→ YOUR TASK:
Would you please output only the lines from the one containing "projet de recherche" through the end of the entries below, exactly as written?

→ PROVIDED ENTRIES:
+--

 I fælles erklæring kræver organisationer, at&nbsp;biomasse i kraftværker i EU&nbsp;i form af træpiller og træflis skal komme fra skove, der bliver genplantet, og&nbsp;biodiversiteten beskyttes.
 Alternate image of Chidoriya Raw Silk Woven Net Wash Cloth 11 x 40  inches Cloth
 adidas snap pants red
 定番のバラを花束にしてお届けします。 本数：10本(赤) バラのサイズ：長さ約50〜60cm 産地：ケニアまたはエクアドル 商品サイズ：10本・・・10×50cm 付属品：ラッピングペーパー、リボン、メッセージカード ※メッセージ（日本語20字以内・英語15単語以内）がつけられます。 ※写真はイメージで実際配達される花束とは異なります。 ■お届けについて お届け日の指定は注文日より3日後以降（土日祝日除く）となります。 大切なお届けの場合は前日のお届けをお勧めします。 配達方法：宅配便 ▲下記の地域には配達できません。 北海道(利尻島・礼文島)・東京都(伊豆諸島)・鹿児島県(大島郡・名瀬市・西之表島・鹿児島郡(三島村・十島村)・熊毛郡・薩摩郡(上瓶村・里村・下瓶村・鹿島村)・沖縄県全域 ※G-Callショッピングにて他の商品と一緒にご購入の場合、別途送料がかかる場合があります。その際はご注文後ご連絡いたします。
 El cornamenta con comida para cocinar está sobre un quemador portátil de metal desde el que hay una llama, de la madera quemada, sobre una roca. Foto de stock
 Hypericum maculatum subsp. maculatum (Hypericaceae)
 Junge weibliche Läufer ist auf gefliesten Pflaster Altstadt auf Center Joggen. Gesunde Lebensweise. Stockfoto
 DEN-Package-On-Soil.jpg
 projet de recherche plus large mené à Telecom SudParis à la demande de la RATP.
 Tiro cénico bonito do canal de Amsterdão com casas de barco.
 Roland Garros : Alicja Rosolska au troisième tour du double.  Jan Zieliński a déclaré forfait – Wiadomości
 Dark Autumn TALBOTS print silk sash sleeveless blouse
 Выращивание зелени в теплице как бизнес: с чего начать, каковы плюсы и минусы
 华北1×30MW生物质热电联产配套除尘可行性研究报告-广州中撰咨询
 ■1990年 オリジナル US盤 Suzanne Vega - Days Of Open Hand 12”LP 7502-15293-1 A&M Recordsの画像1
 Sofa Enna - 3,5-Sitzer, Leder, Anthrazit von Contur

+--

→ EXPECTED ANSWER:
 projet de recherche plus large mené à Telecom SudParis à la demande de la RATP.
 Tiro cénico bonito do canal de Amsterdão com casas de barco.
 Roland Garros : Alicja Rosolska au troisième tour du double.  Jan Zieliński a déclaré forfait – Wiadomości
 Dark Autumn TALBOTS print silk sash sleeveless blouse
 Выращивание зелени в теплице как бизнес: с чего начать, каковы плюсы и минусы
 华北1×30MW生物质热电联产配套除尘可行性研究报告-广州中撰咨询
 ■1990年 オリジナル US盤 Suzanne Vega - Days Of Open Hand 12”LP 7502-15293-1 A&M Recordsの画像1
 Sofa Enna - 3,5-Sitzer, Leder, Anthrazit von Contur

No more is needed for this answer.